Bonjour, bienvenue dans l’équipe :

La gestion d’ailleurs, parlons-en, car il s’agit d’un autre aspect du jeu qui paraît assez évident et qui nécessite une réelle stratégie. Pour gérer le parc il faut embaucher du personnel, qu’il faudra évidemment payer chaque mois, les bâtiments, animaux et même l’électricité coûtent une certaine somme d’argent qu’il faut évidemment prendre en compte.

C’est pourquoi, le jeu nous offre plusieurs options afin de gérer la trésorerie, on peut déjà commencer par augmenter le prix de l’entrée, à un certain niveau et en fonction du nombre d’animaux présents dans le parc. Car si le prix est trop élevé, il y aura moins de visiteurs. L’autre solution, reste de proposer des services payants divers, comme des visites du parc, de faire payer l’utilisation des WC ou encore augmenter les prix dans les boutiques. Ce qui peut permettre d’obtenir un certain équilibre financier, pour que le parc puisse continuer de prospérer. Pour continuer d’attirer des visiteurs, notre parc doit donc faire en sorte de proposer des nouveautés voire même, de faire de la publicité sur divers supports, pour continuer de faire venir des visiteurs.

L’aspect gestion est donc assez poussé et nécessite un stratagème à mettre en place et à appliquer. Car si l’on s’endette trop, il sera impossible de remonter la pente car l’ajout de nouveautés reste l’une des meilleures options pour récupérer du monde dans le jeu.

Conclusion :

Après un Jurassic World Evolution en demi-teinte, Frontier nous propose un tout nouveau jeu de gestion prometteur qui offre suffisamment de contenus pour combler les fans du genre.

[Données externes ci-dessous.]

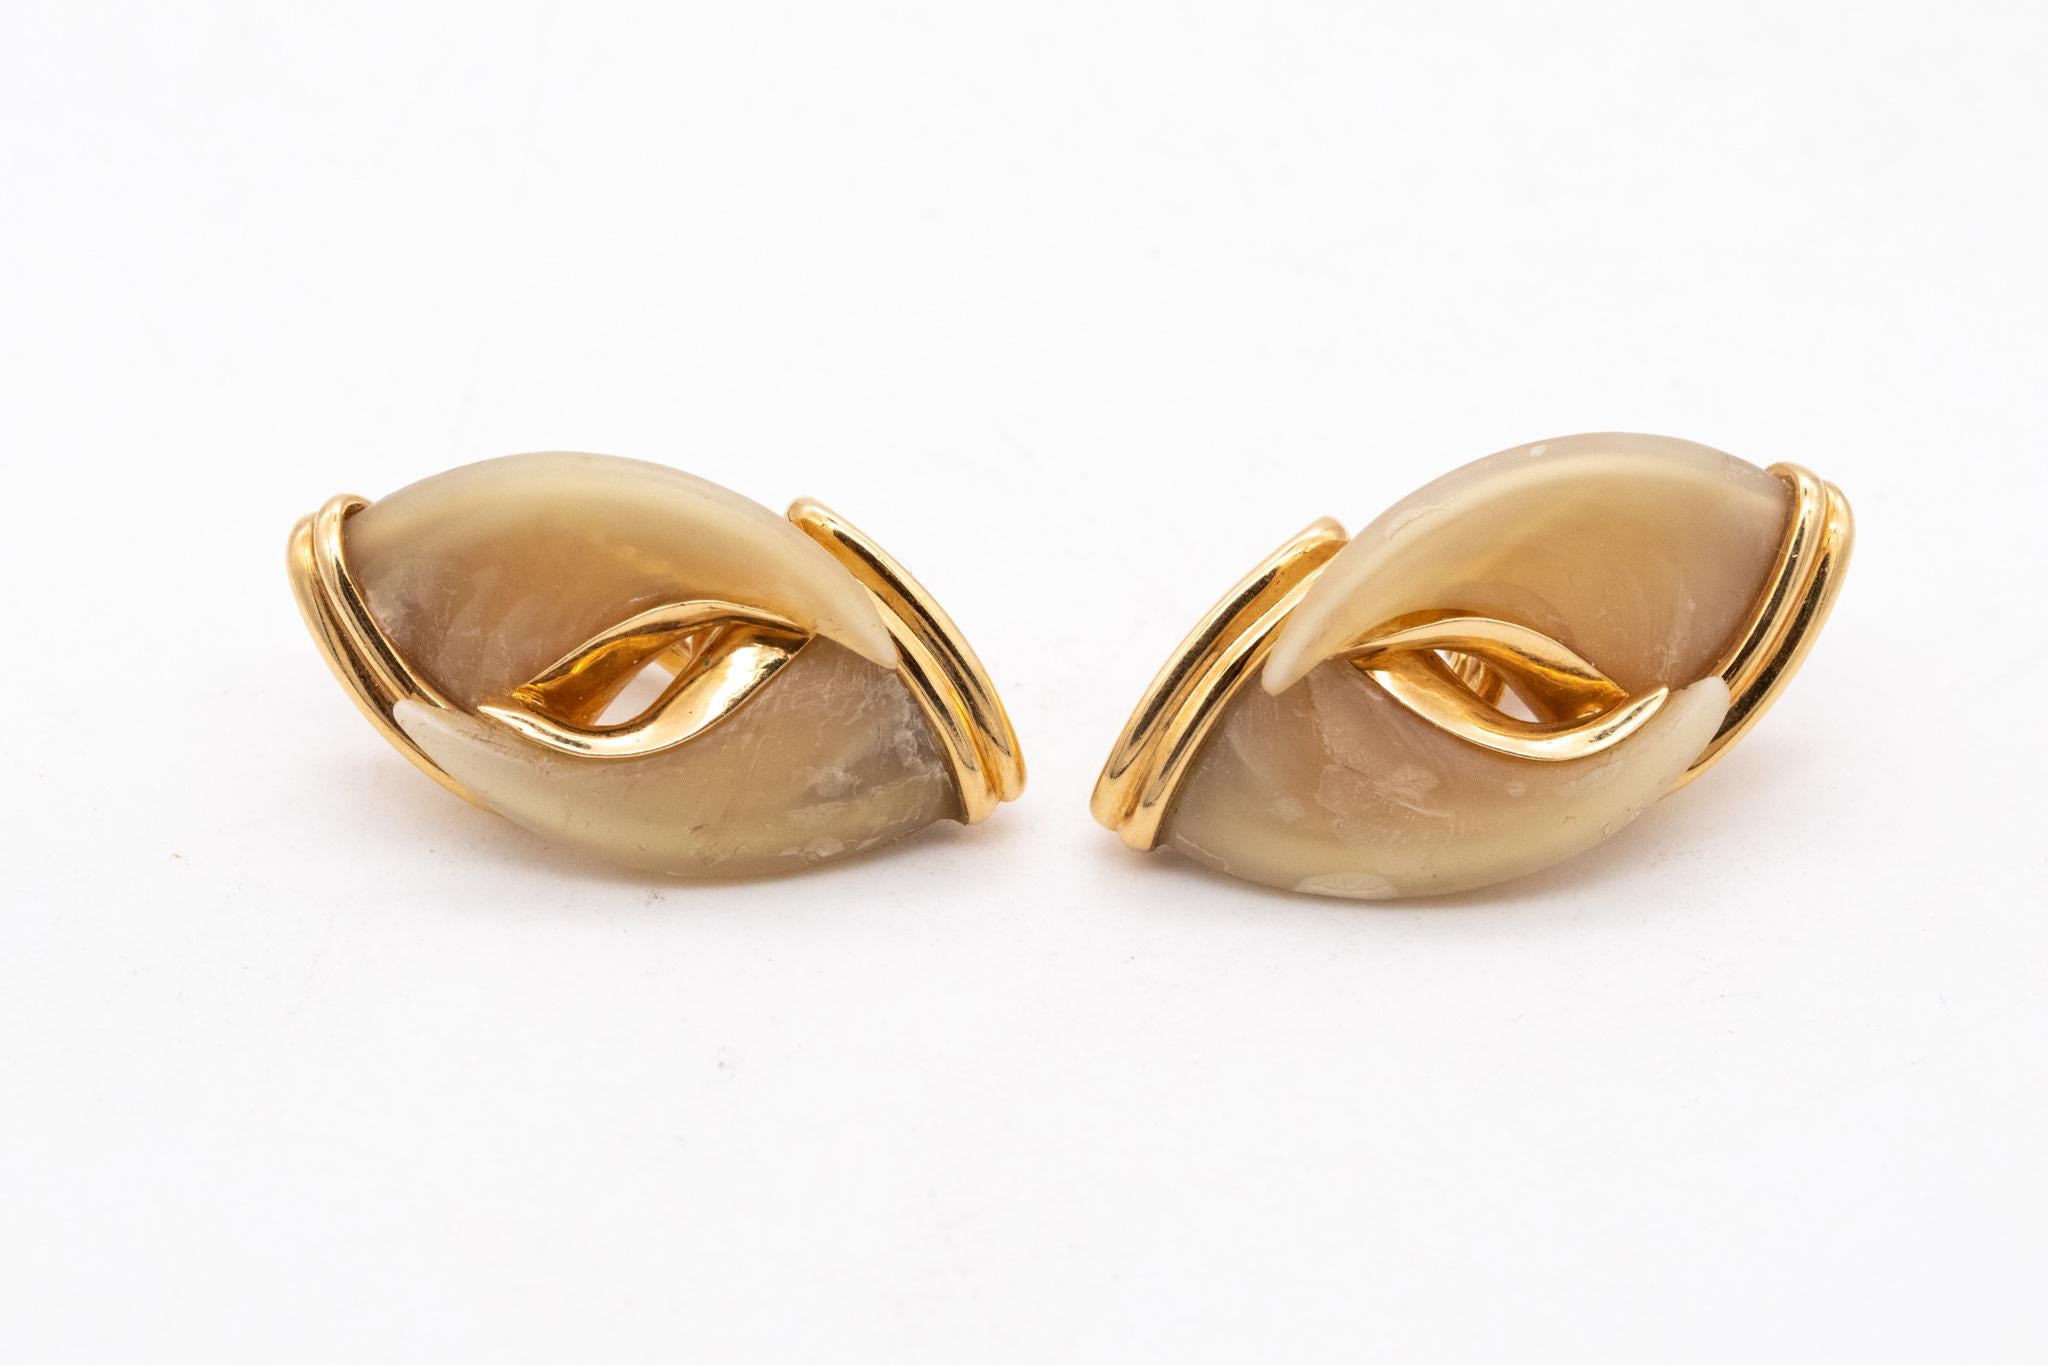 Bry & Co Paris 1970 Rare French Earrings In 18Kt Yellow Gold With Four Claws For Sale 2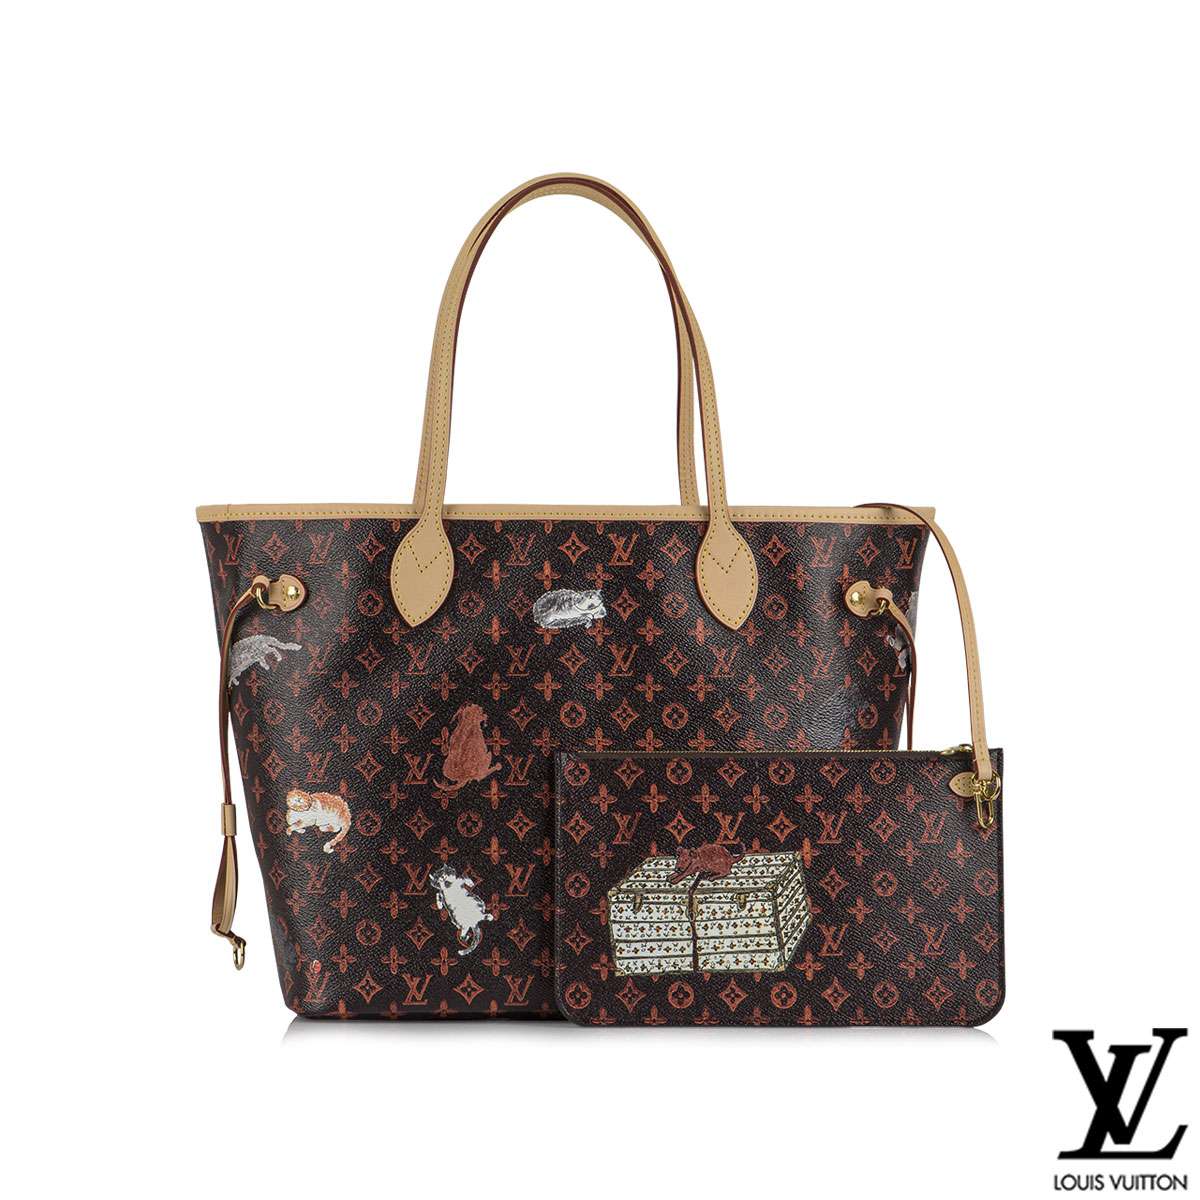 QC - LV bag from Peter - $308 including shipping to UK : r

Le titre offre en plus une représentation des animaux qui est assez fidèle, avec une modélisation plutôt sympathique et des comportements réalistes, ce qui rend le jeu d’autant plus sympathique. On note tout de même que la monnaie que l’on peut utiliser pour acheter des espèces animales, reste assez difficile à acquérir du moins, durant la bêta. Il faut donc espérer que le titre proposera plus d’animaux à obtenir contre de l’argent, sans quoi il deviendra compliquer de proposer des nouveautés dans nos parcs. Le jeu reste un très bon choix pour les fans de gestion et de jeux de stratégie.